**Description of the task:** When you repeat the material, keep each line exact and omit the pictures.
Start of Given data
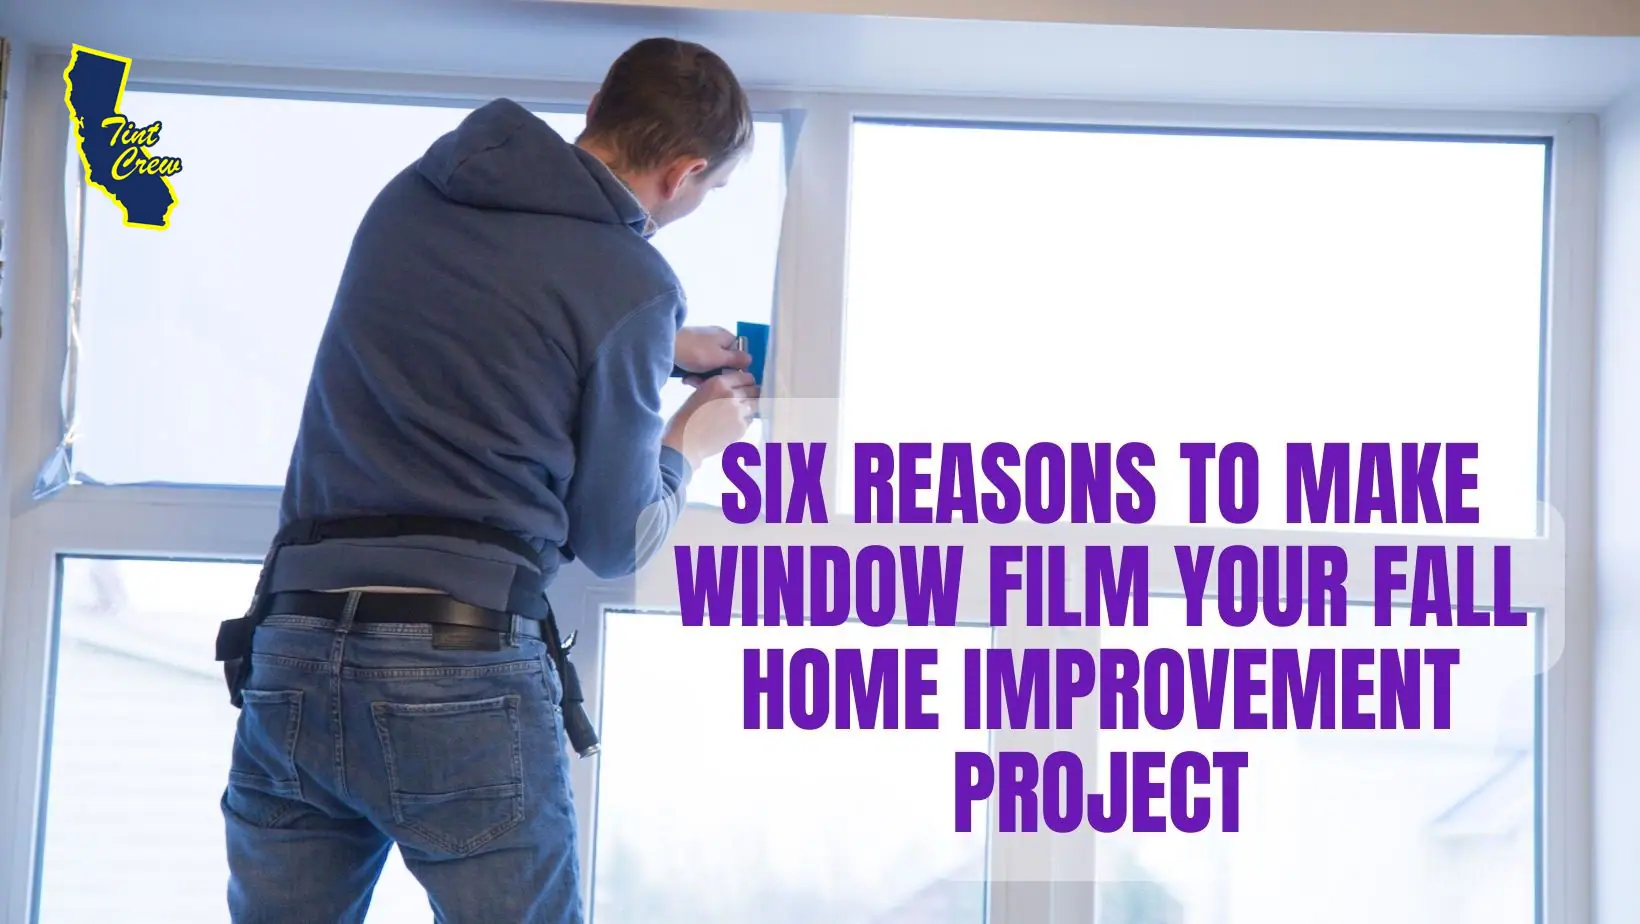 Six Reasons to Make Window Film Your Fall Home Improvement Project
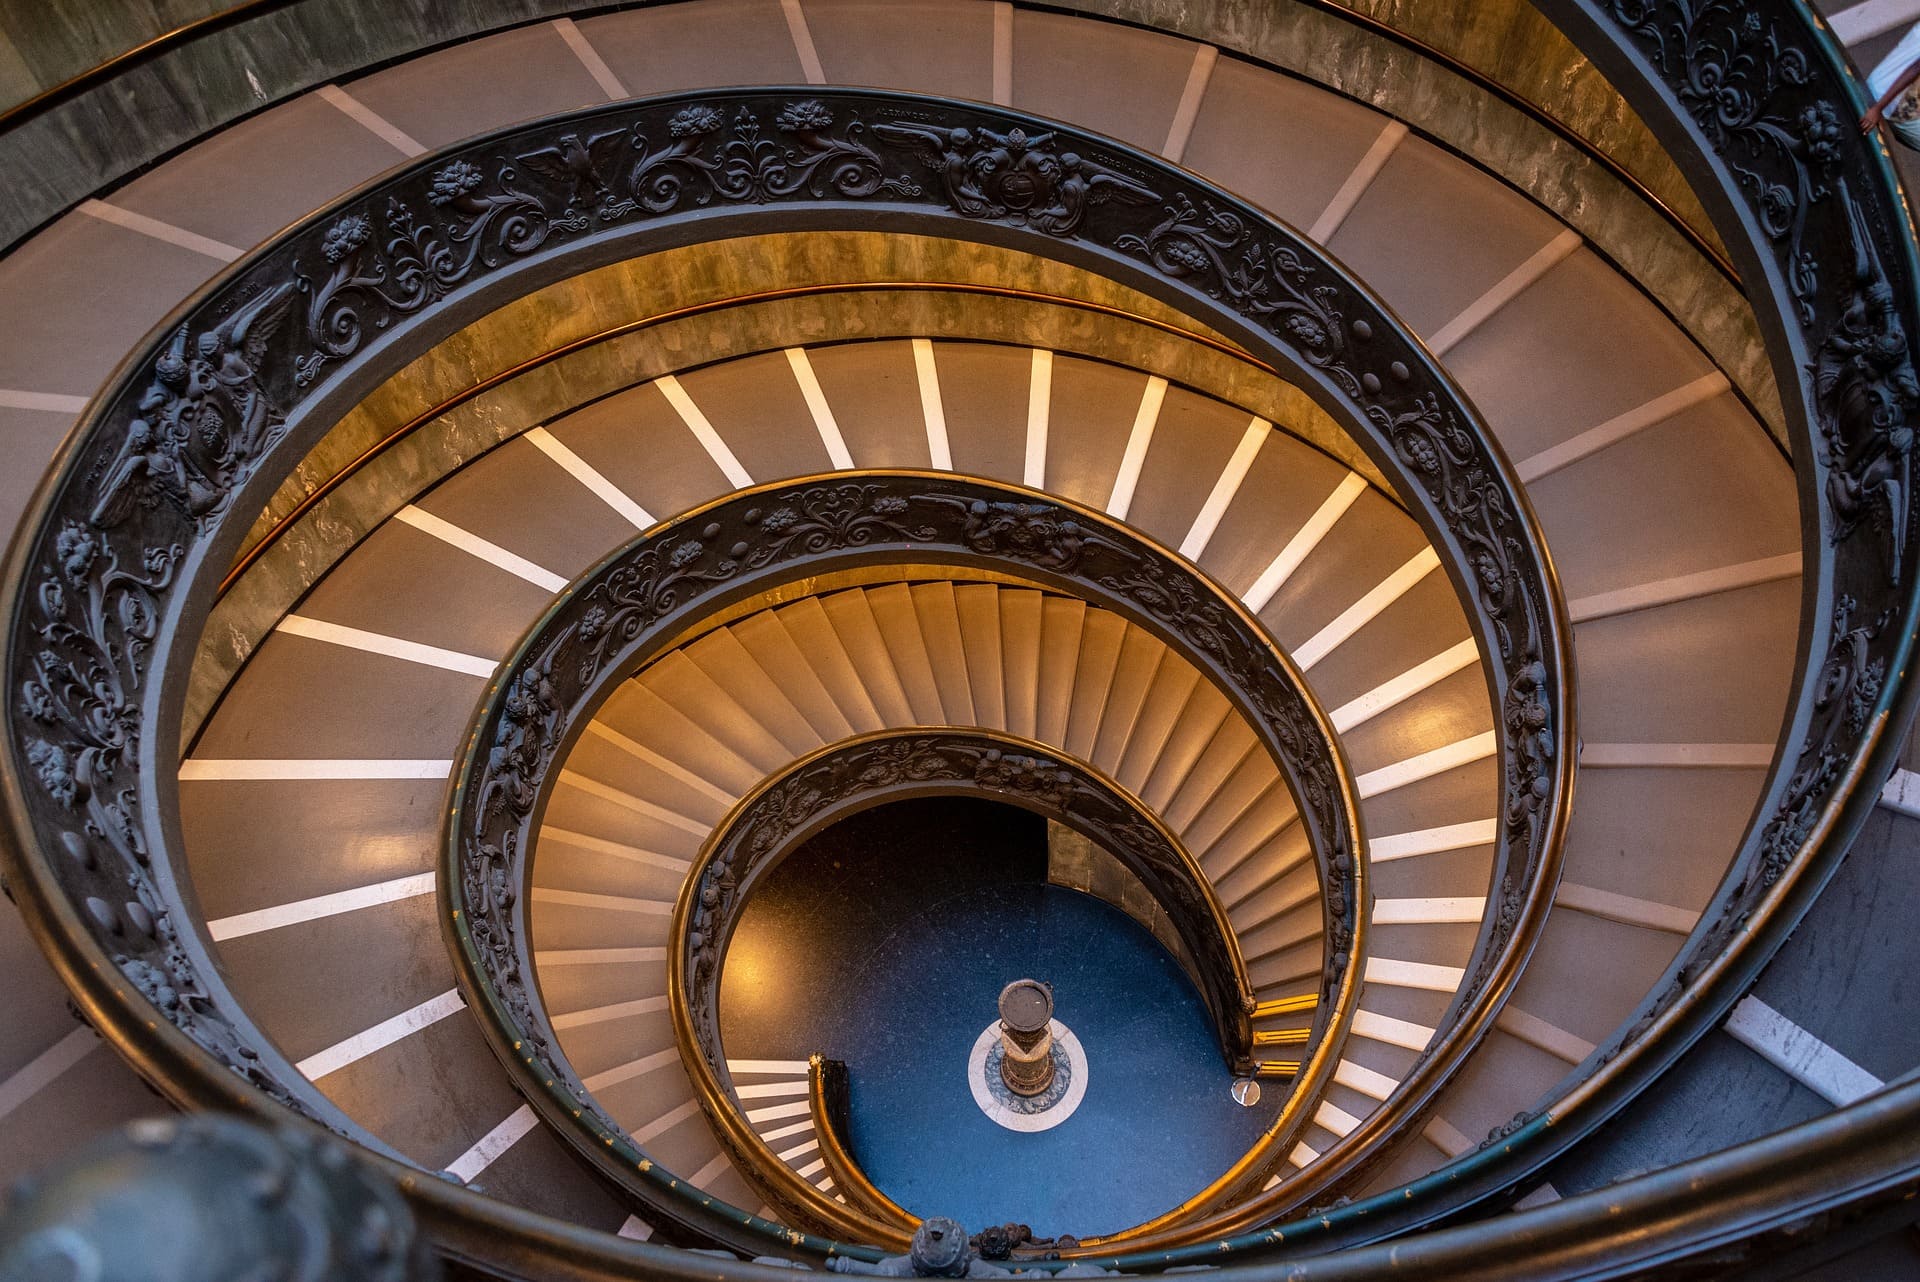 The Vatican Museums
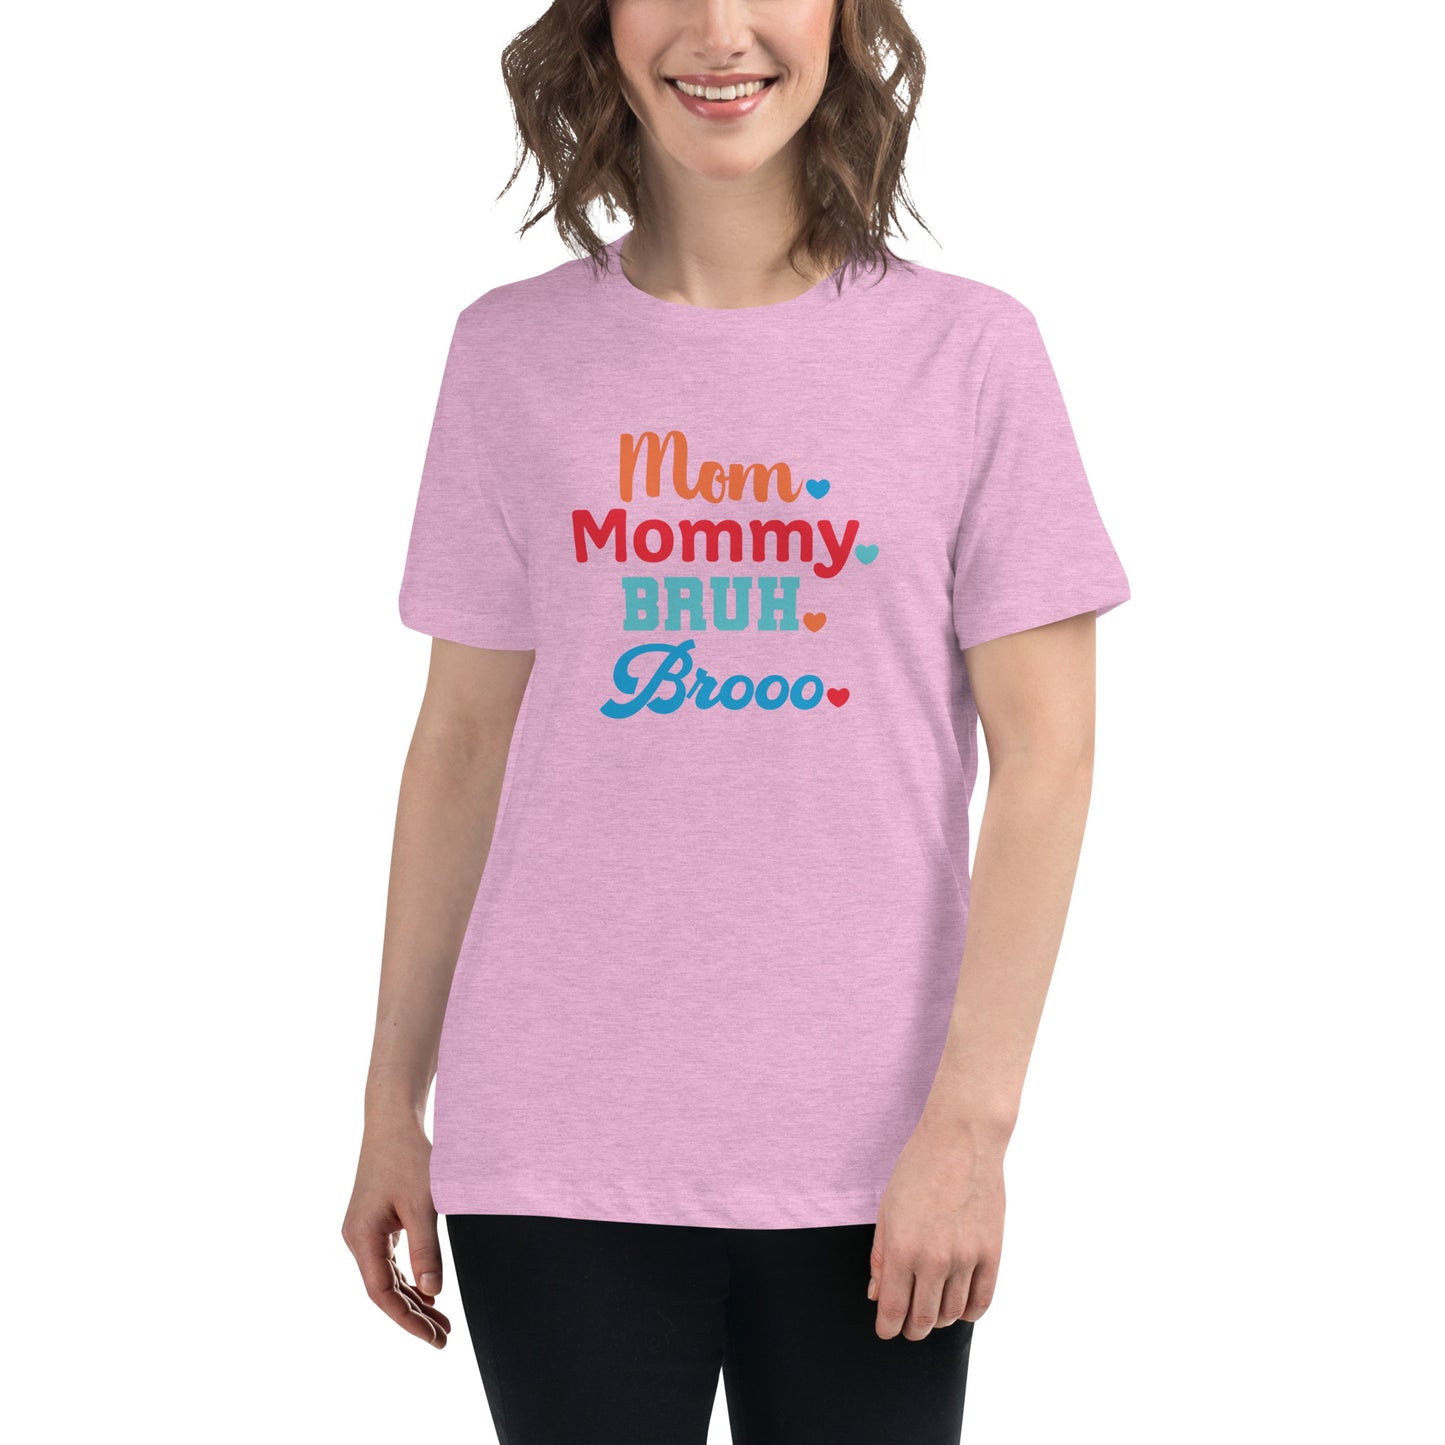 Mom, Mommy, Bruh, Broo Women's Relaxed T-Shirt
End of Given data
**Solution below:**
 Six Reasons to Make Window Film Your Fall Home Improvement Project
 The Vatican Museums
 Mom, Mommy, Bruh, Broo Women's Relaxed T-Shirt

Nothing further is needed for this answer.